Task input
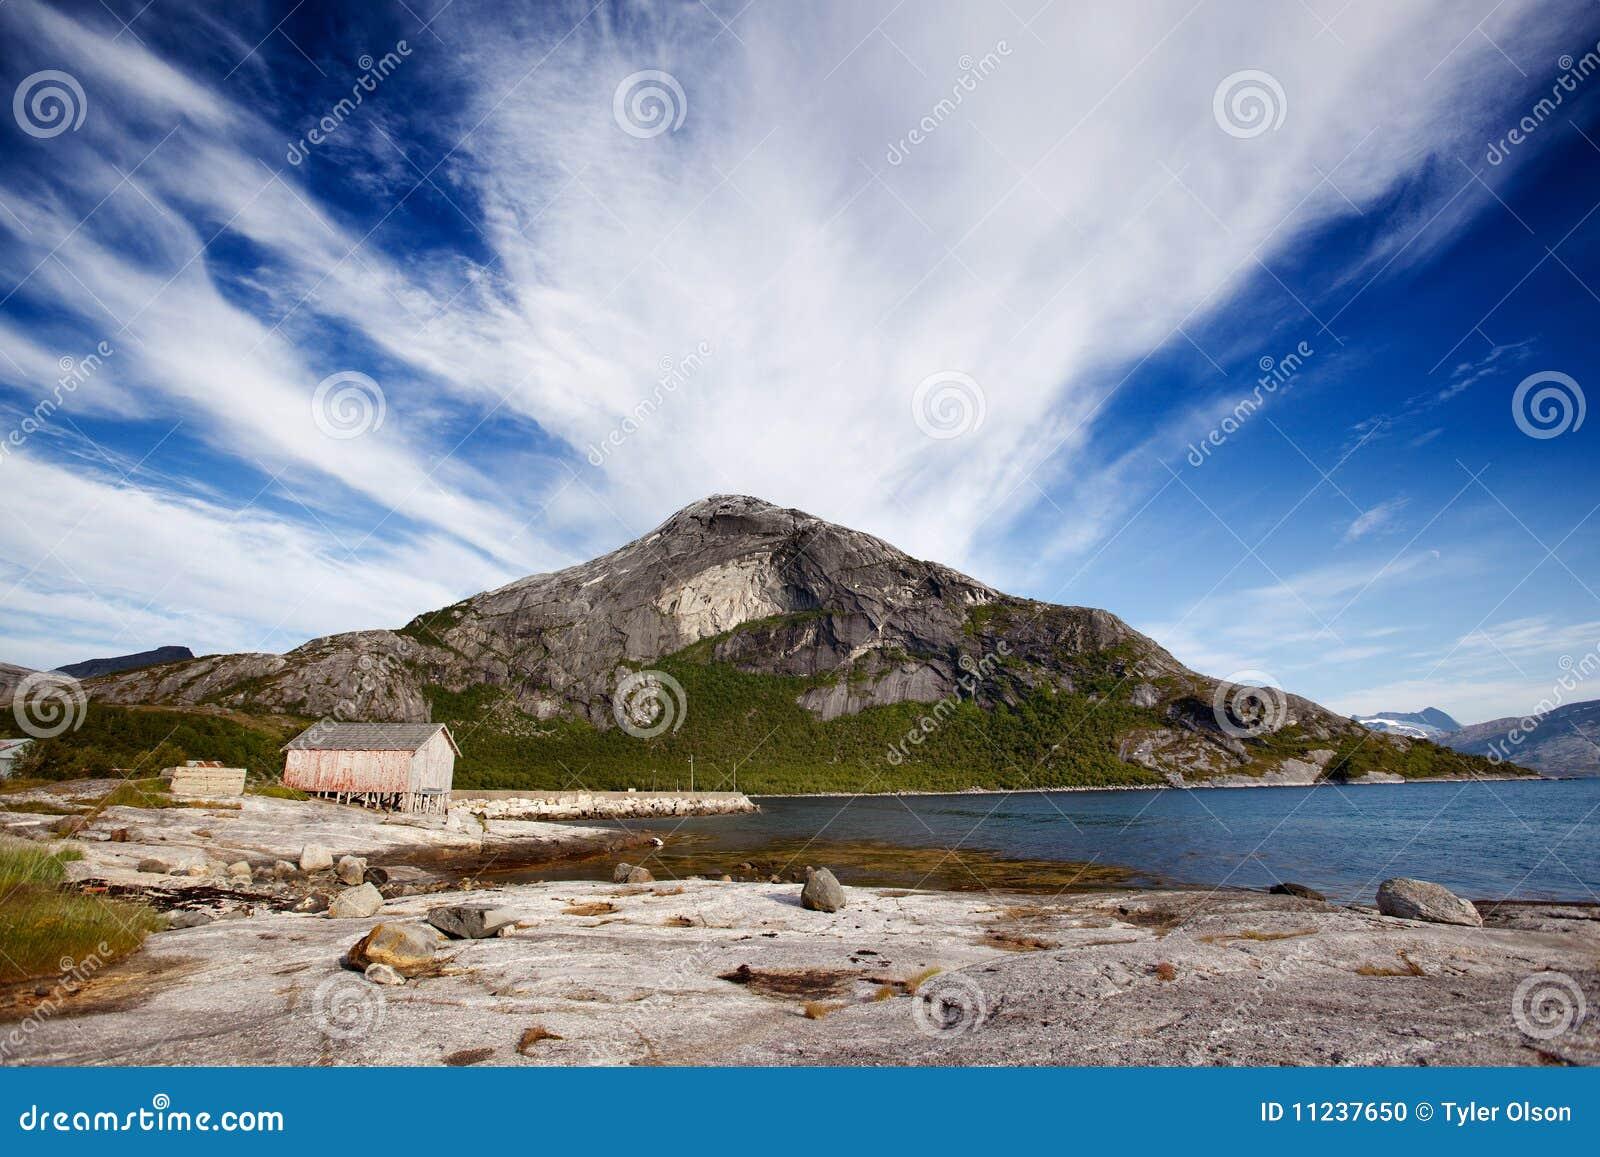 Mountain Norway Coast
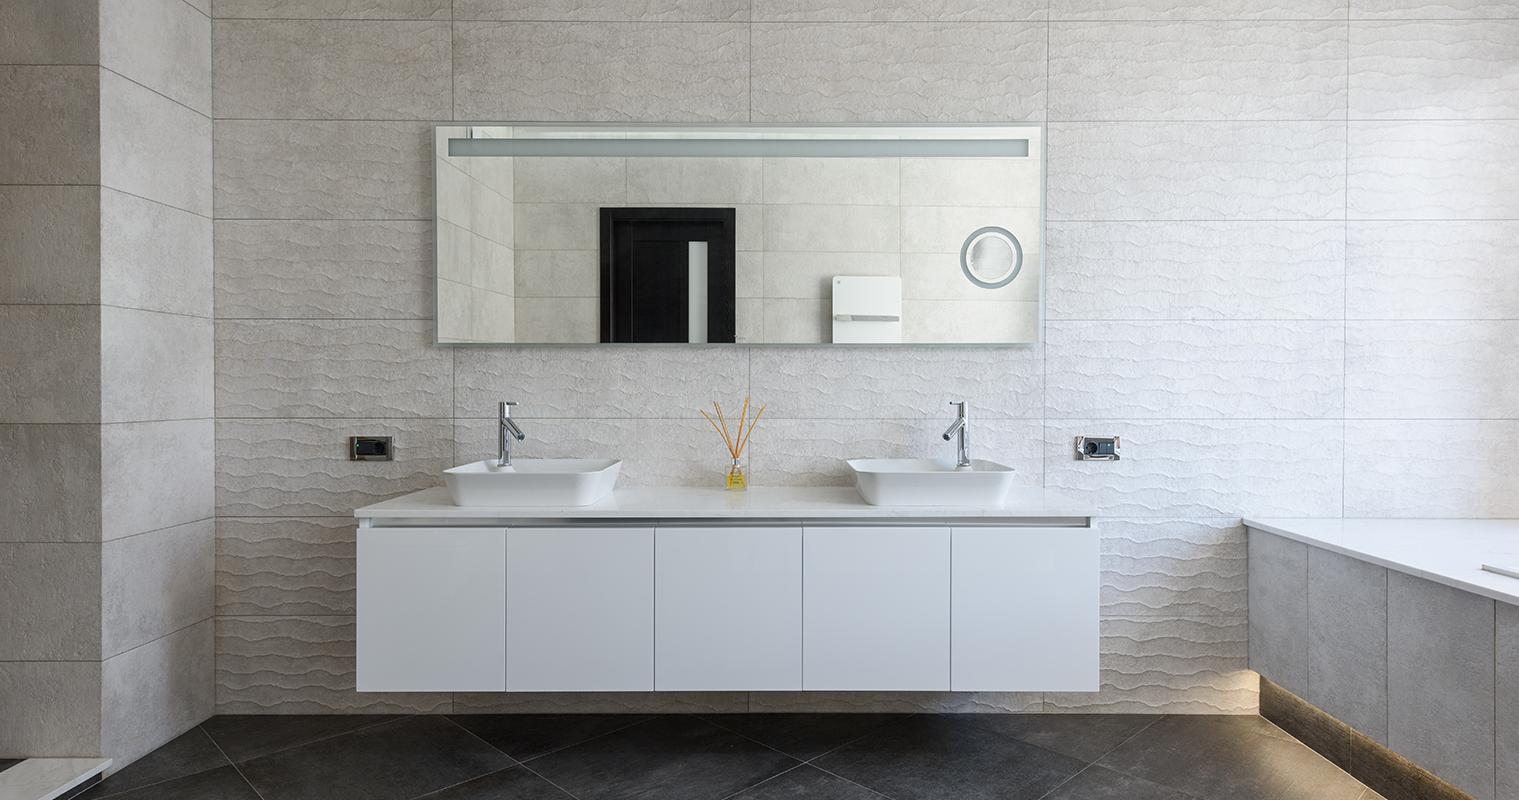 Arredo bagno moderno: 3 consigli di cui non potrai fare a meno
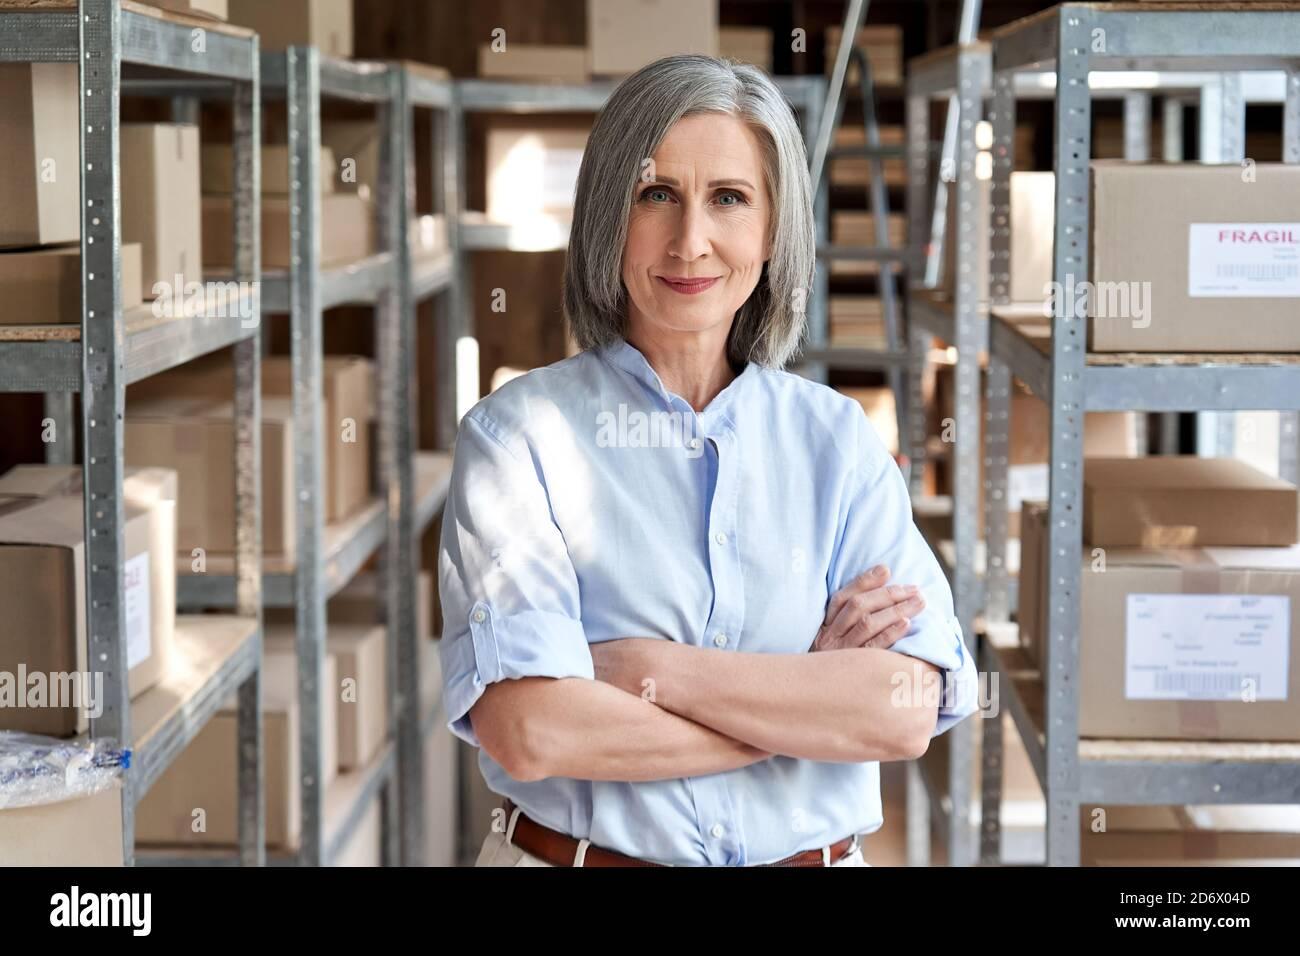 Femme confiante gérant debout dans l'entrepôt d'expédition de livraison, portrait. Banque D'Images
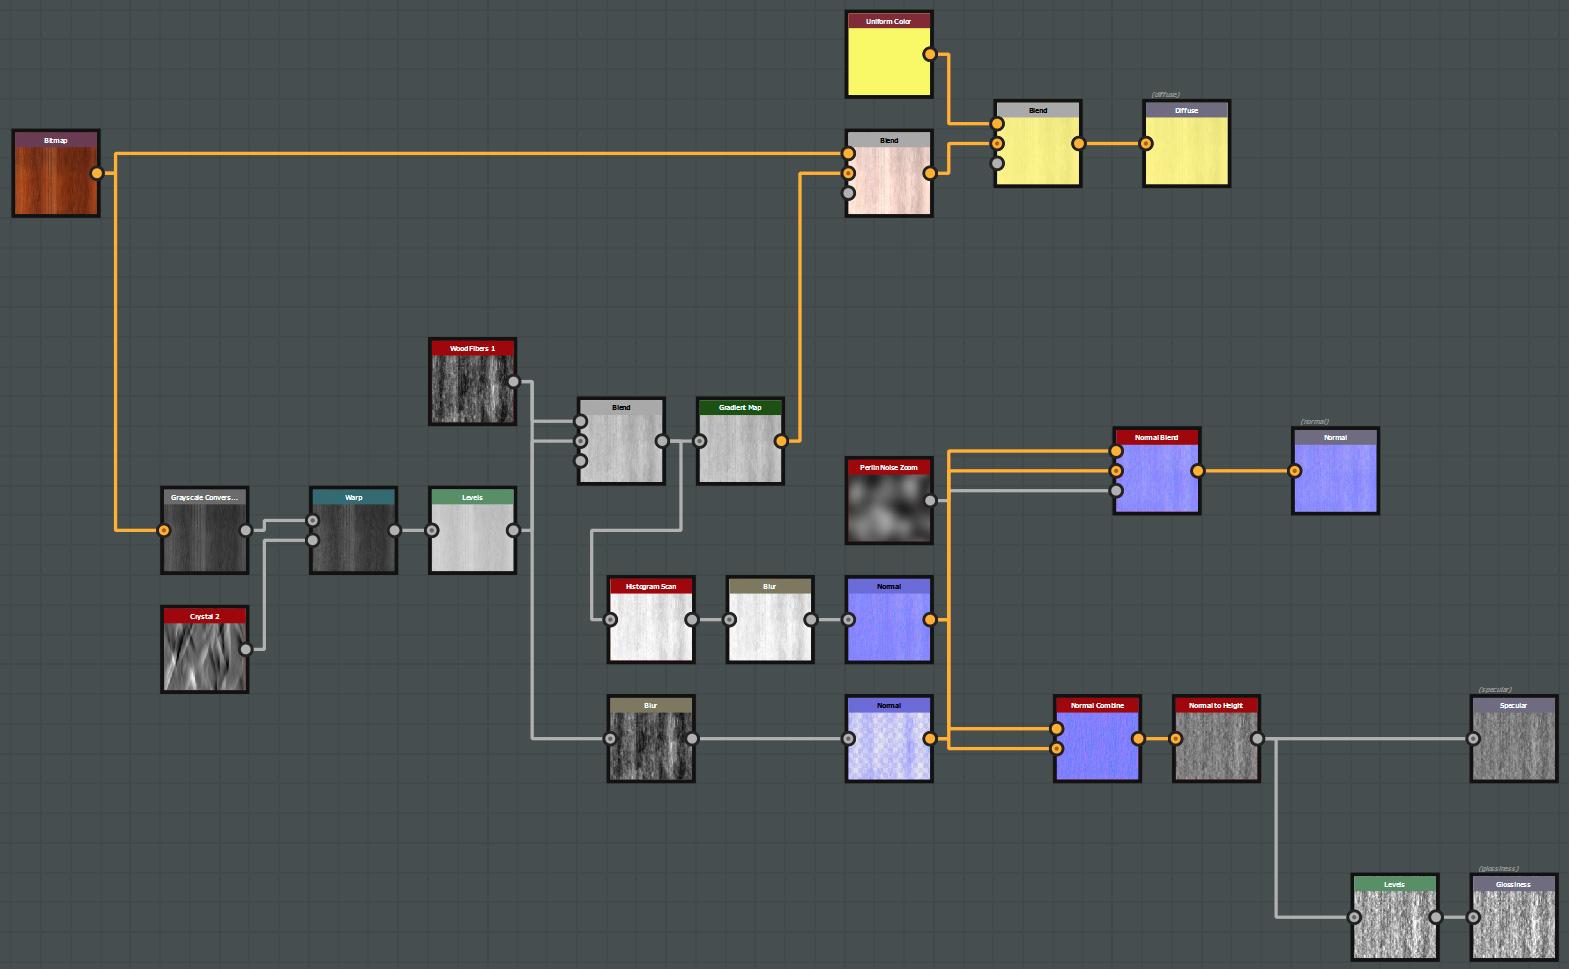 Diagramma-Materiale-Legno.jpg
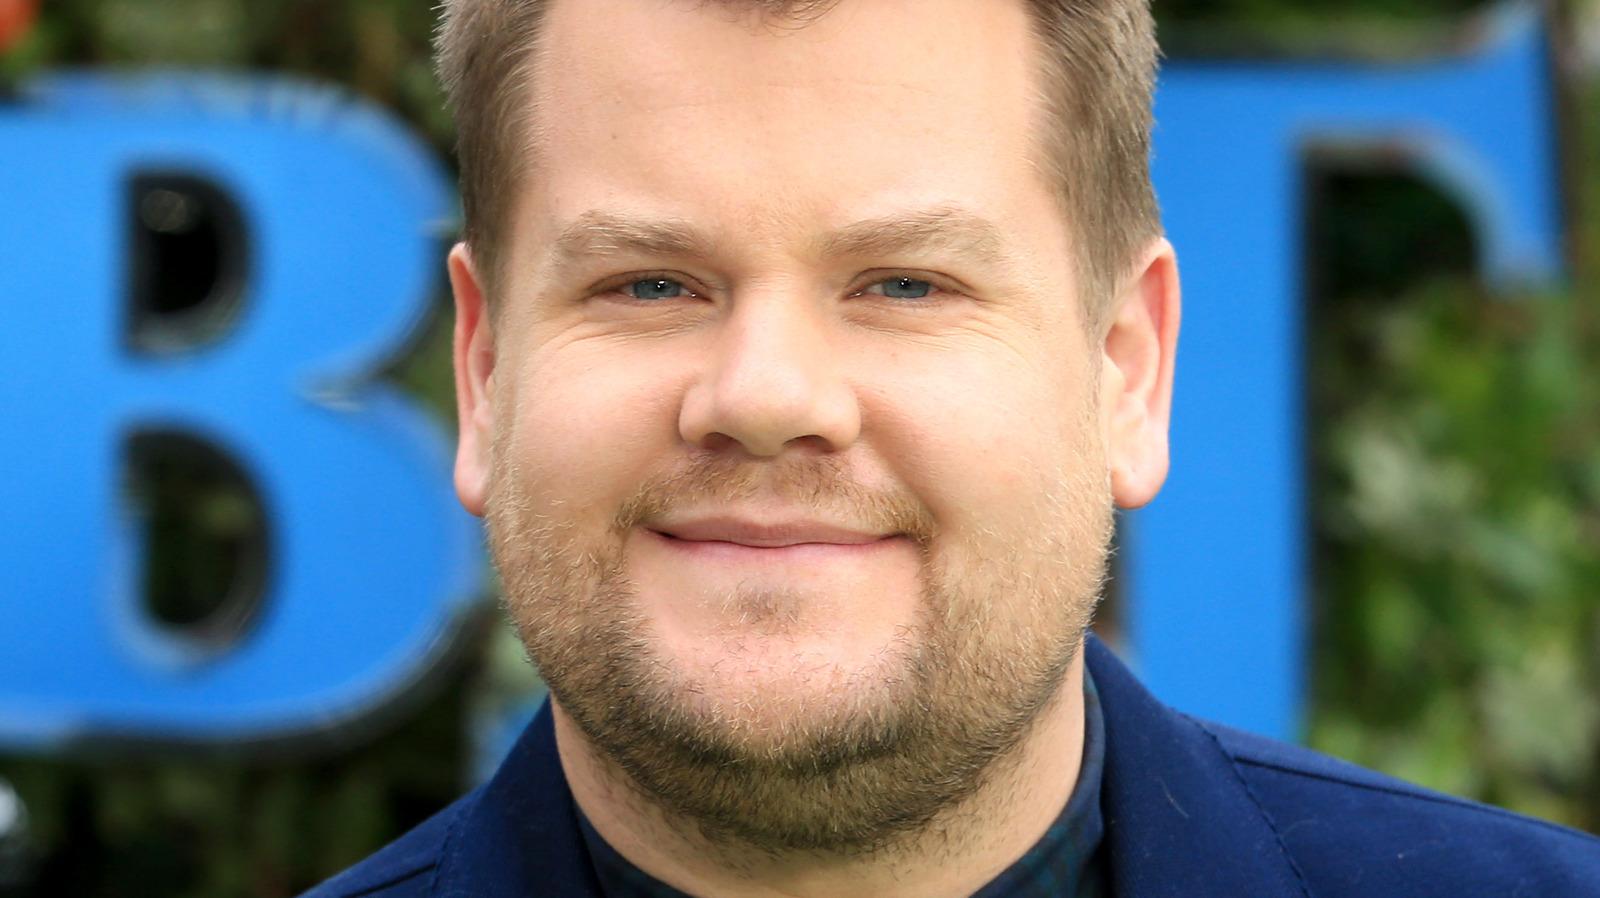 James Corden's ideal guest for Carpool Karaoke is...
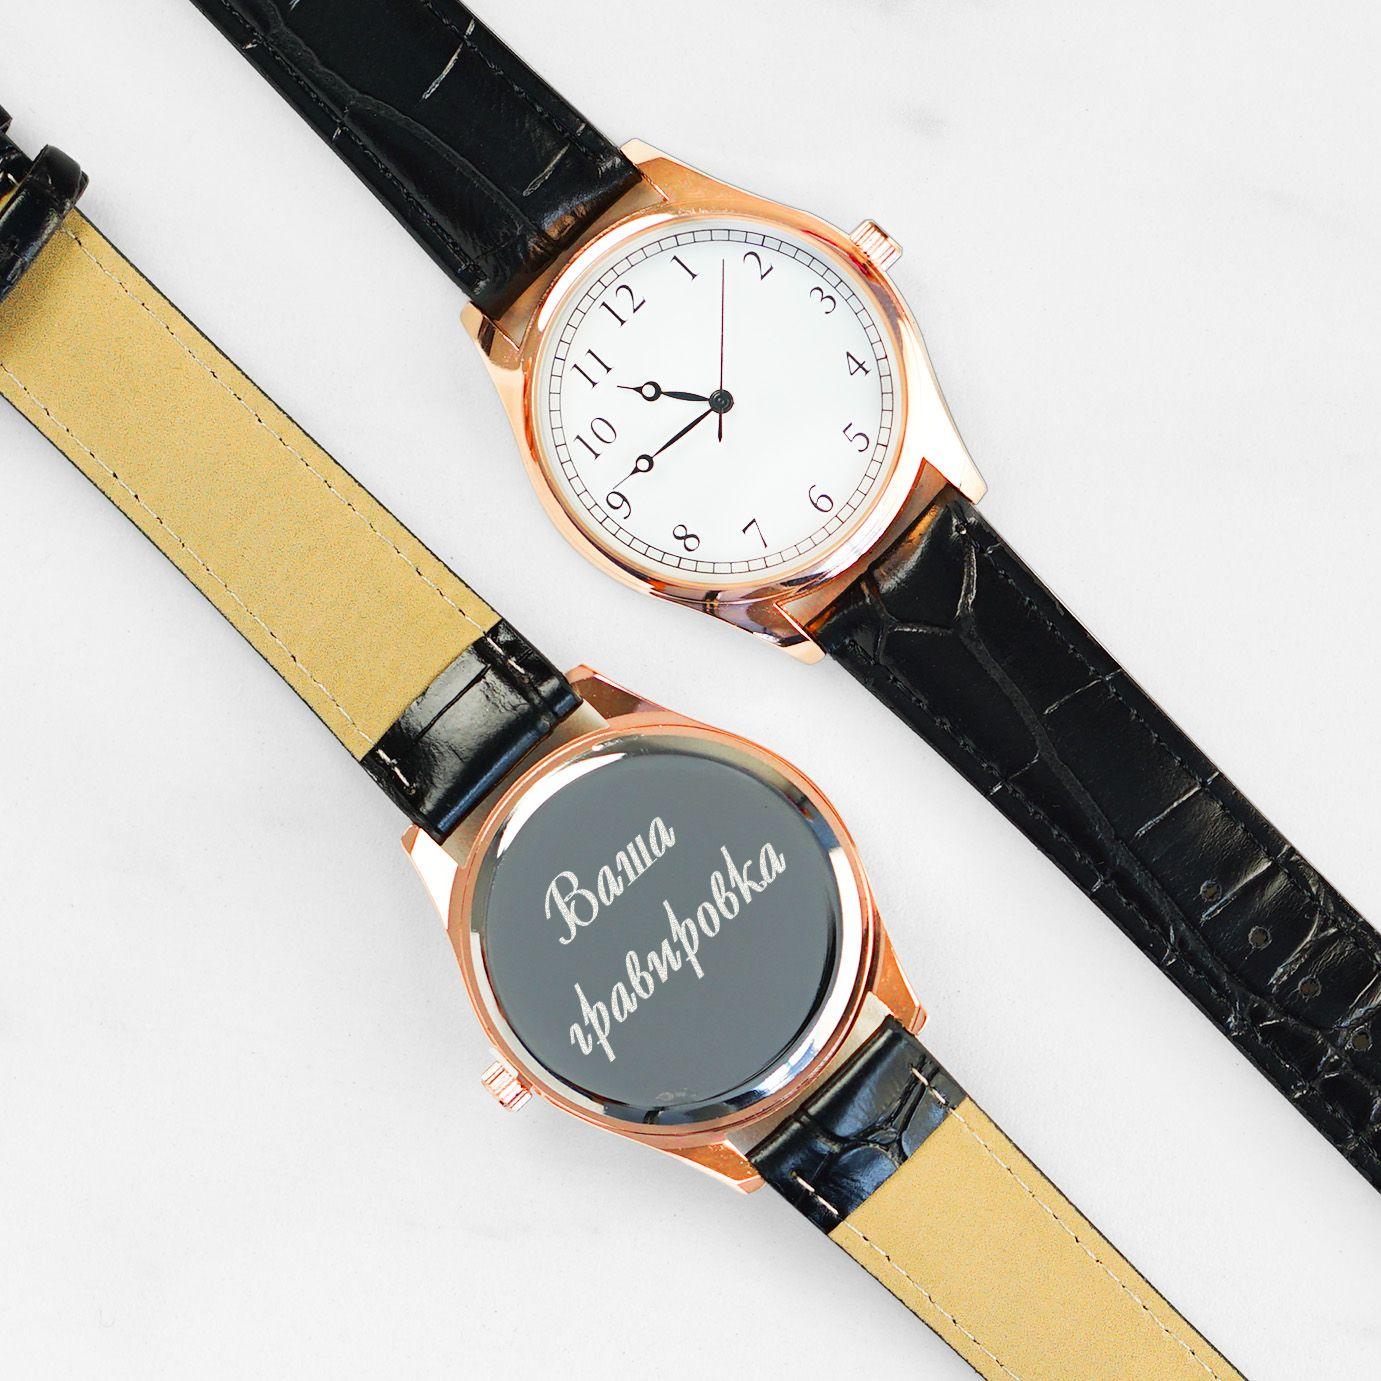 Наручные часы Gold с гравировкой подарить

Task directions
Pictures aside, retype the entries above exactly as they are.

Solution to this problem
 Mountain Norway Coast
 Arredo bagno moderno: 3 consigli di cui non potrai fare a meno
 Femme confiante gérant debout dans l'entrepôt d'expédition de livraison, portrait. Banque D'Images
 Diagramma-Materiale-Legno.jpg
 James Corden's ideal guest for Carpool Karaoke is...
 Наручные часы Gold с гравировкой подарить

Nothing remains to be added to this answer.